* **TASK**
The response should consist only of the lines from the one with "Earlier victim recounts" to the end of the data below, copied exactly and without pictures.

* **STORED DATA**
=== Section Start ===

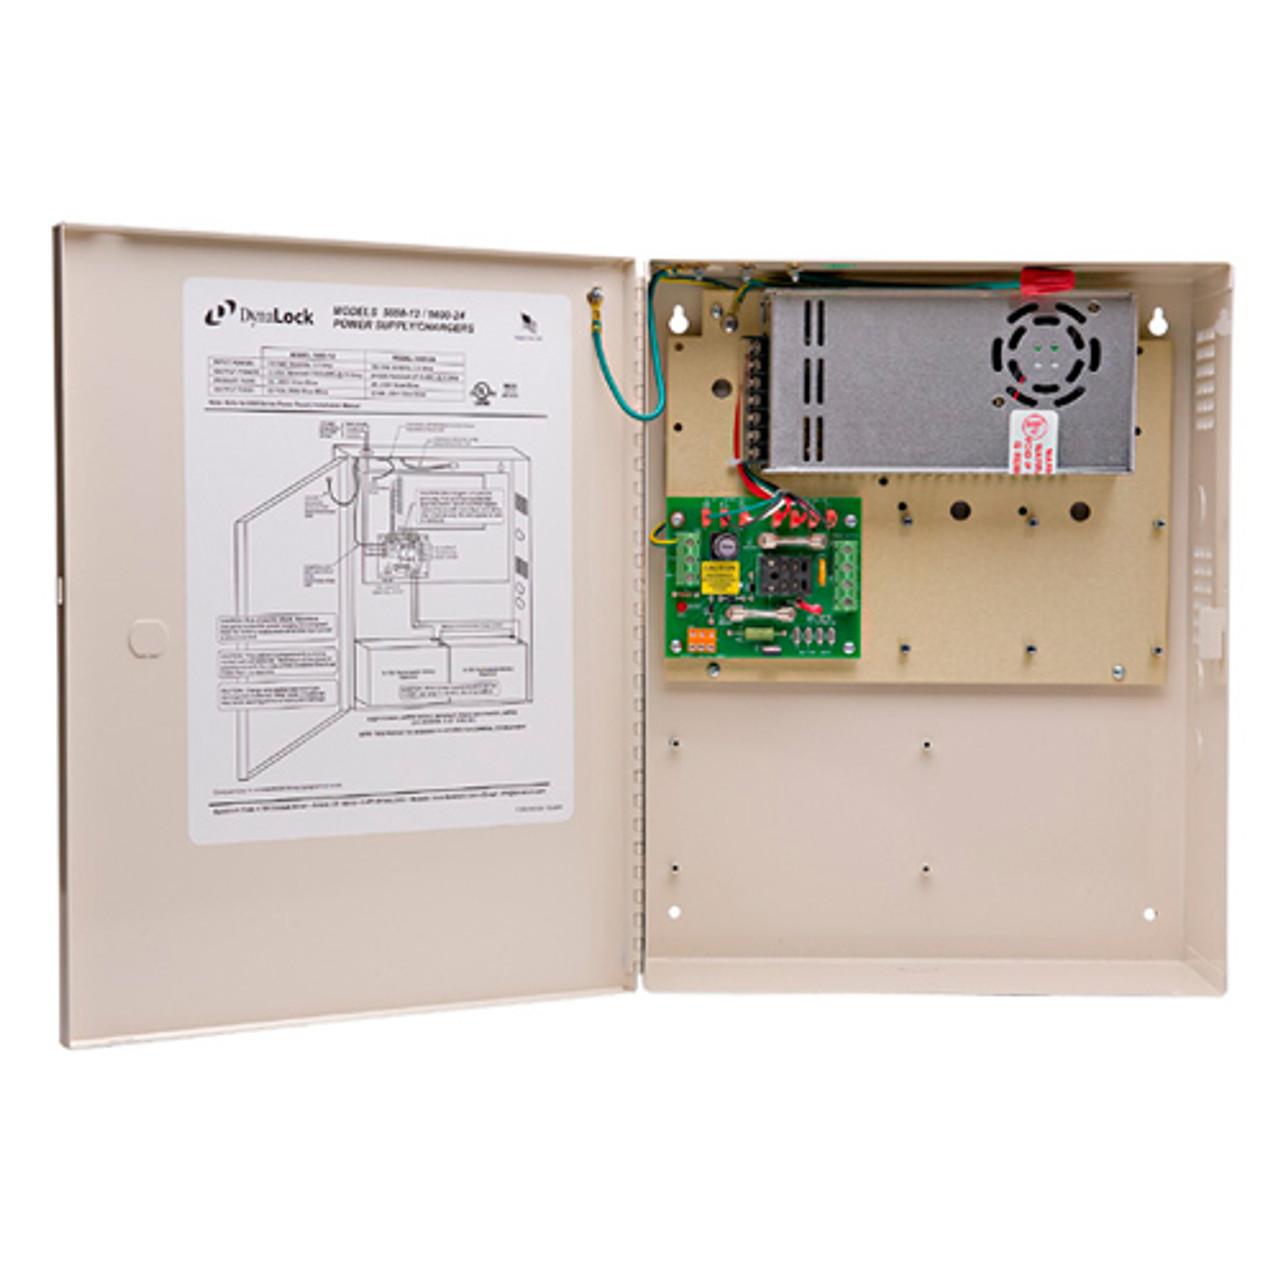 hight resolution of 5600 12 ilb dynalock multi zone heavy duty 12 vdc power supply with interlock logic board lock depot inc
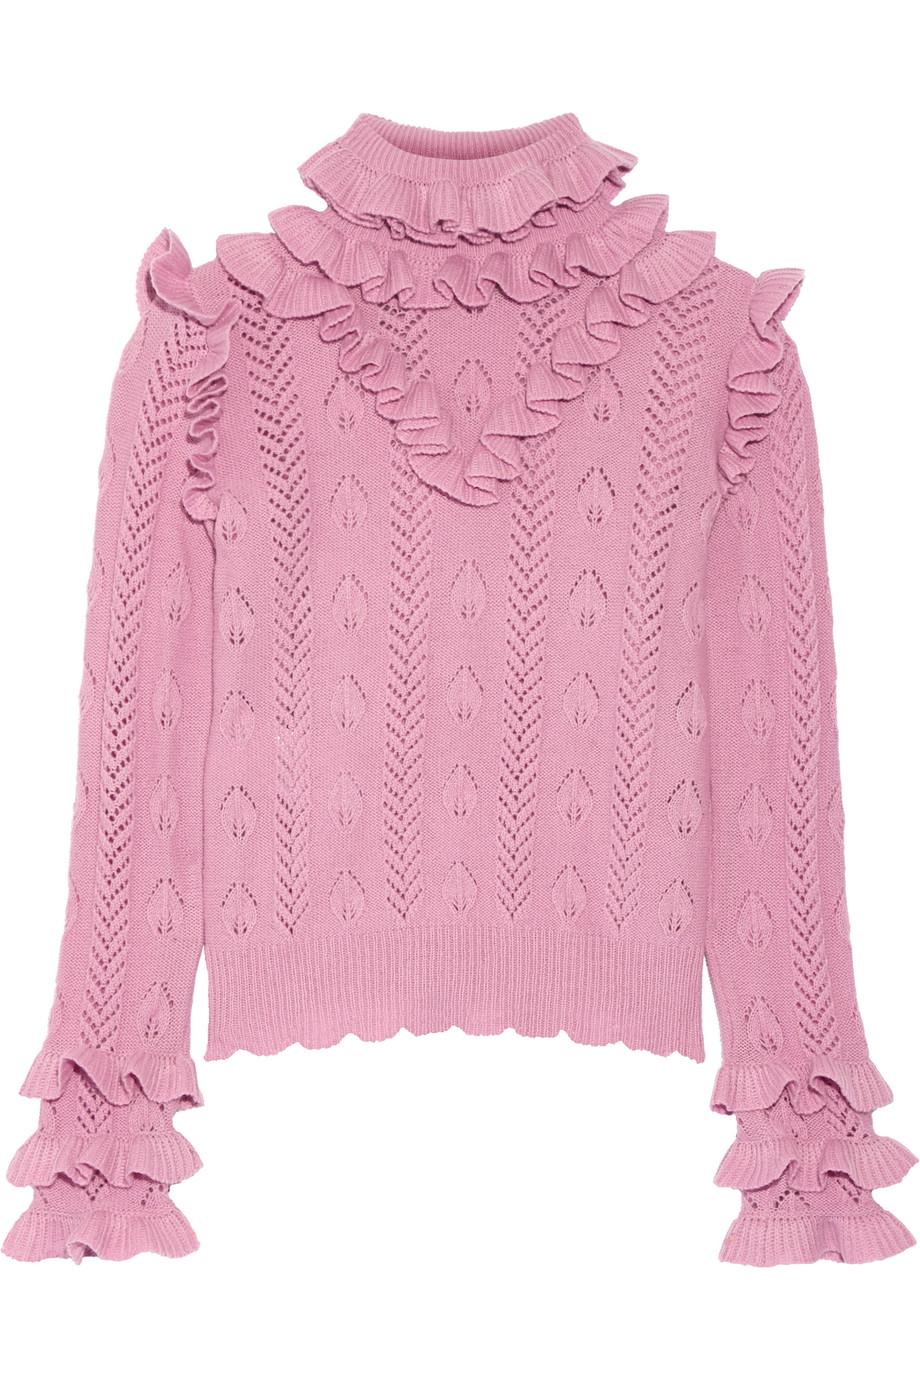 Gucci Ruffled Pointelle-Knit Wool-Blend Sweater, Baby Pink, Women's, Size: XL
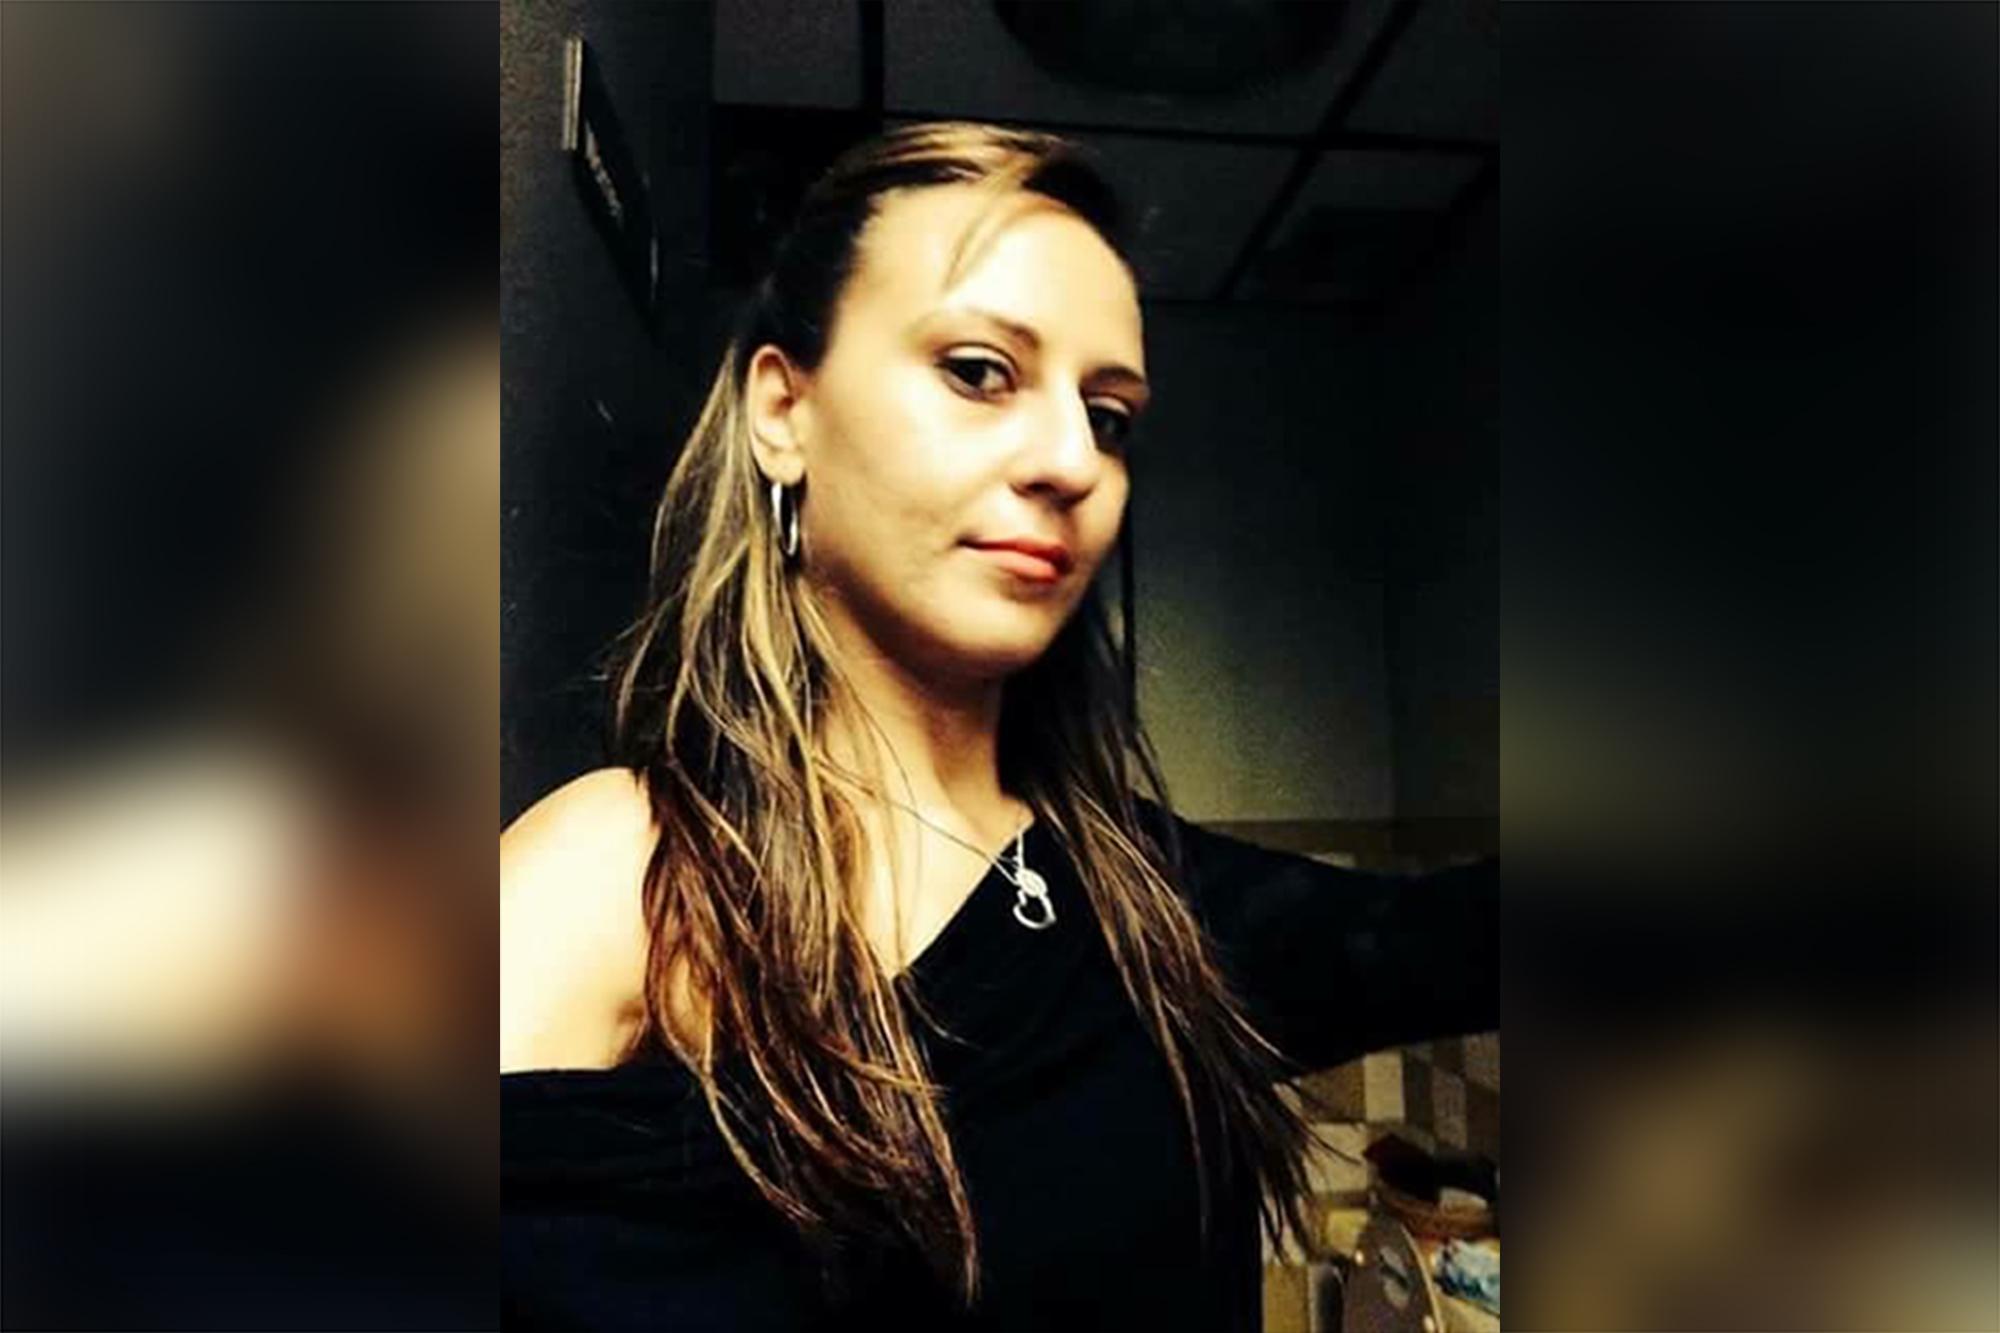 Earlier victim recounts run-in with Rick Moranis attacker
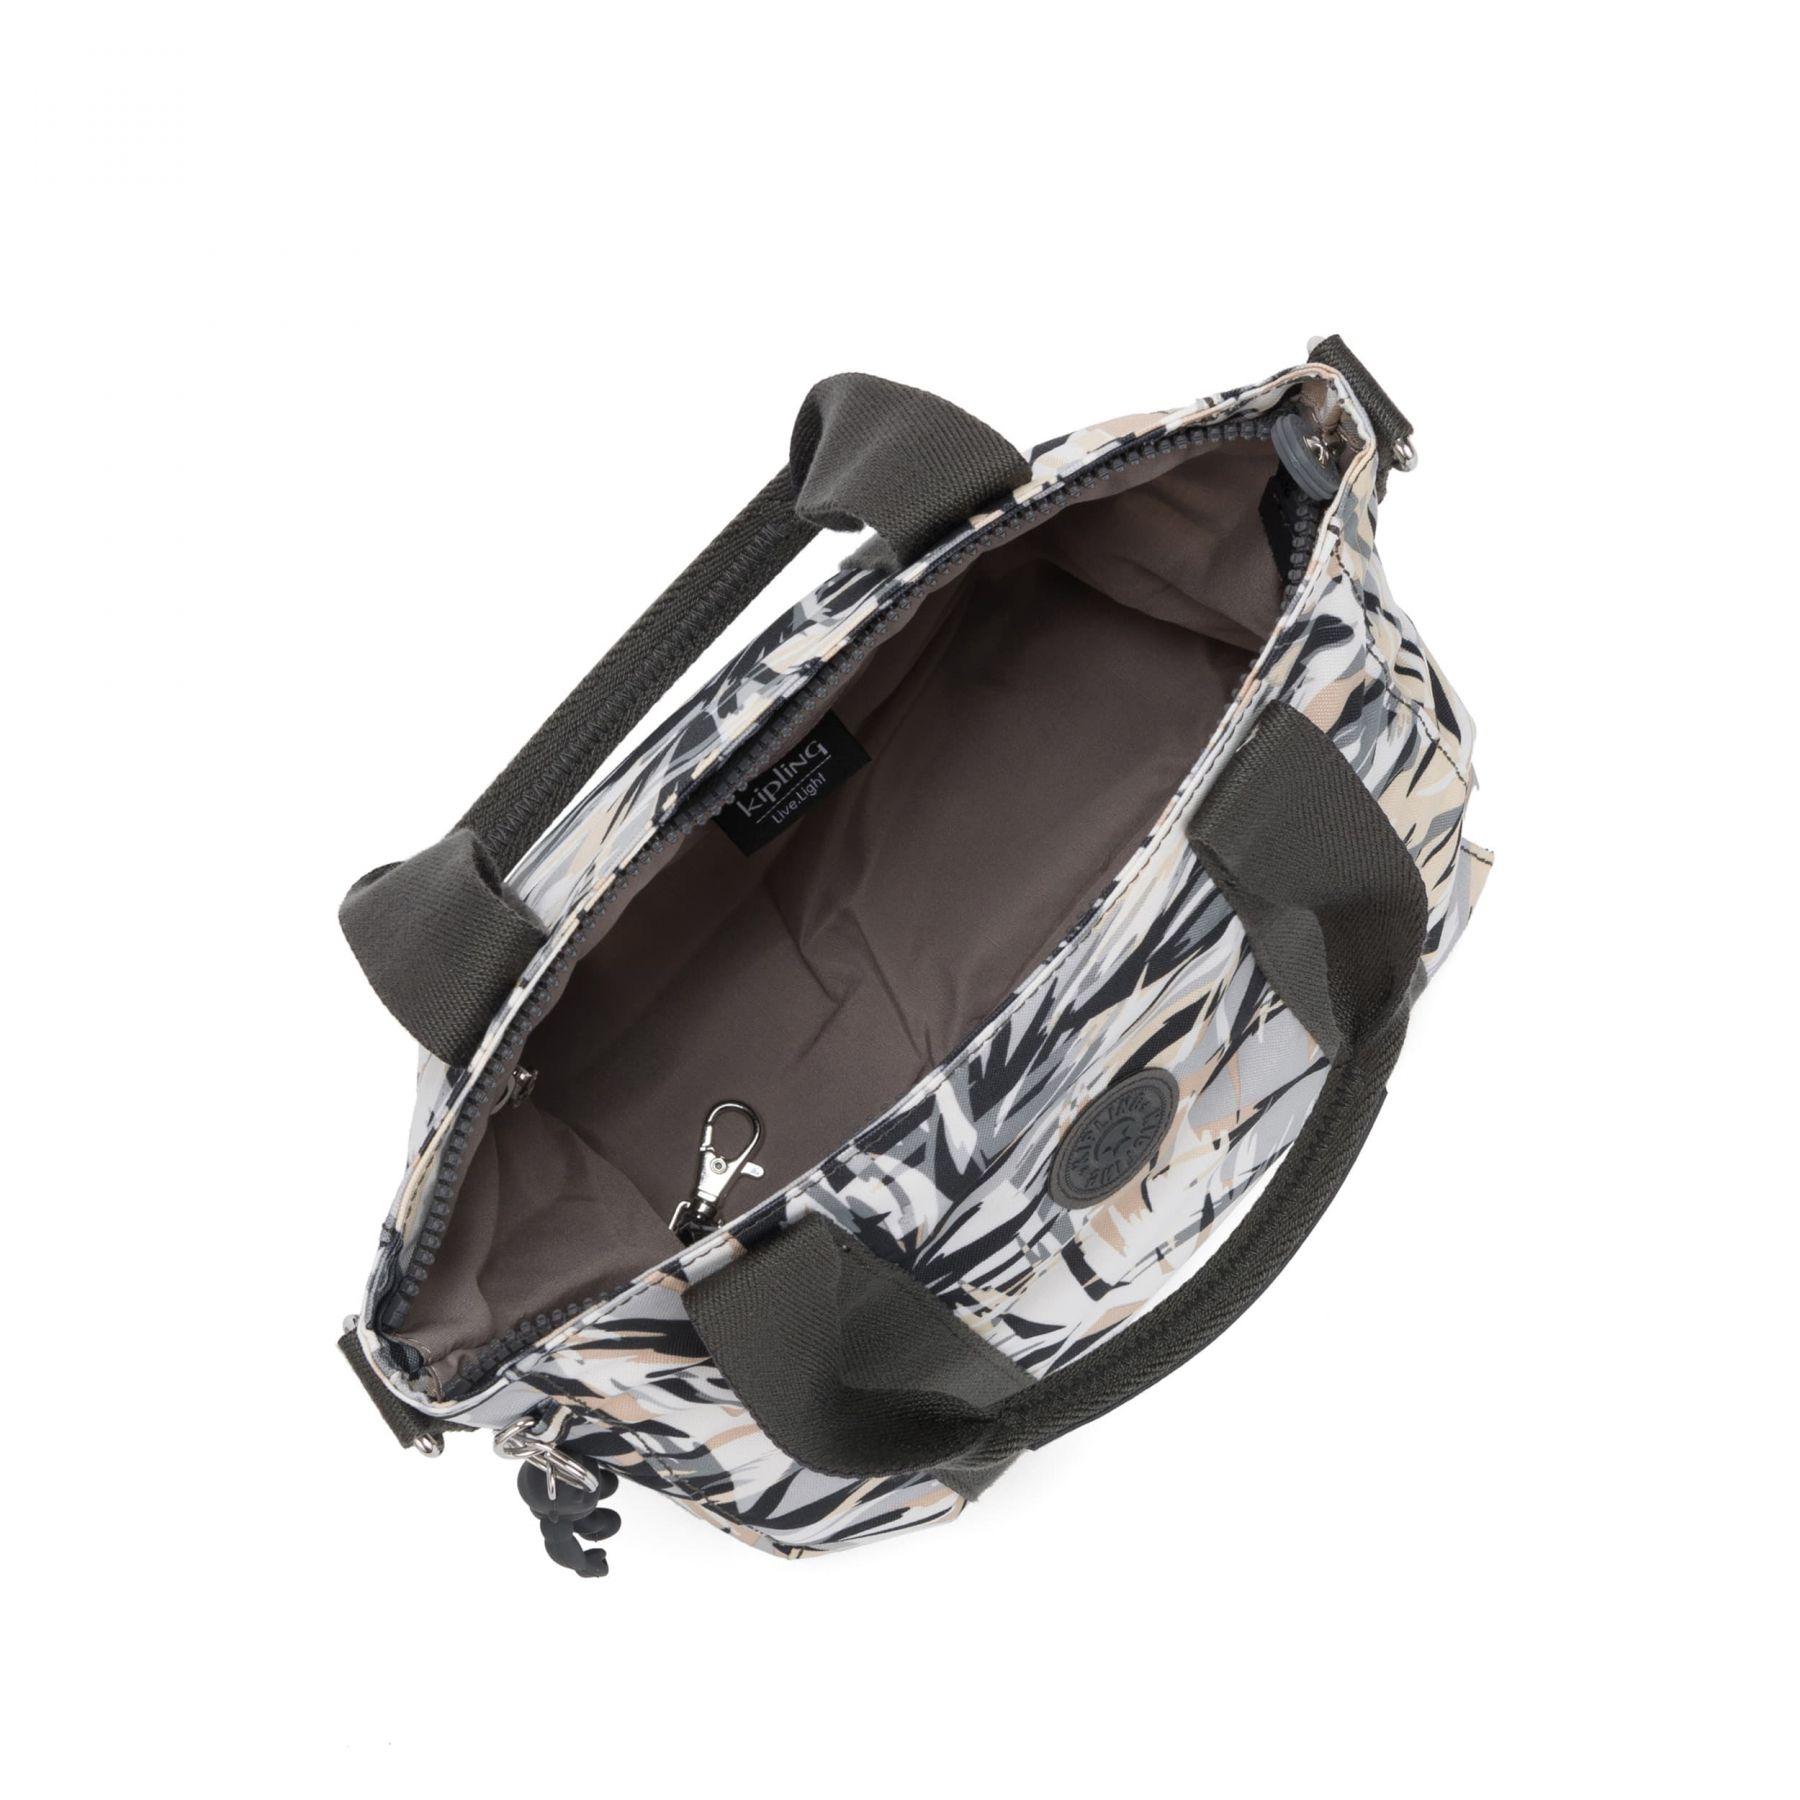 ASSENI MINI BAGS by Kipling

=== Section End ===

* **YOUR SOLUTION**
 Earlier victim recounts run-in with Rick Moranis attacker
 ASSENI MINI BAGS by Kipling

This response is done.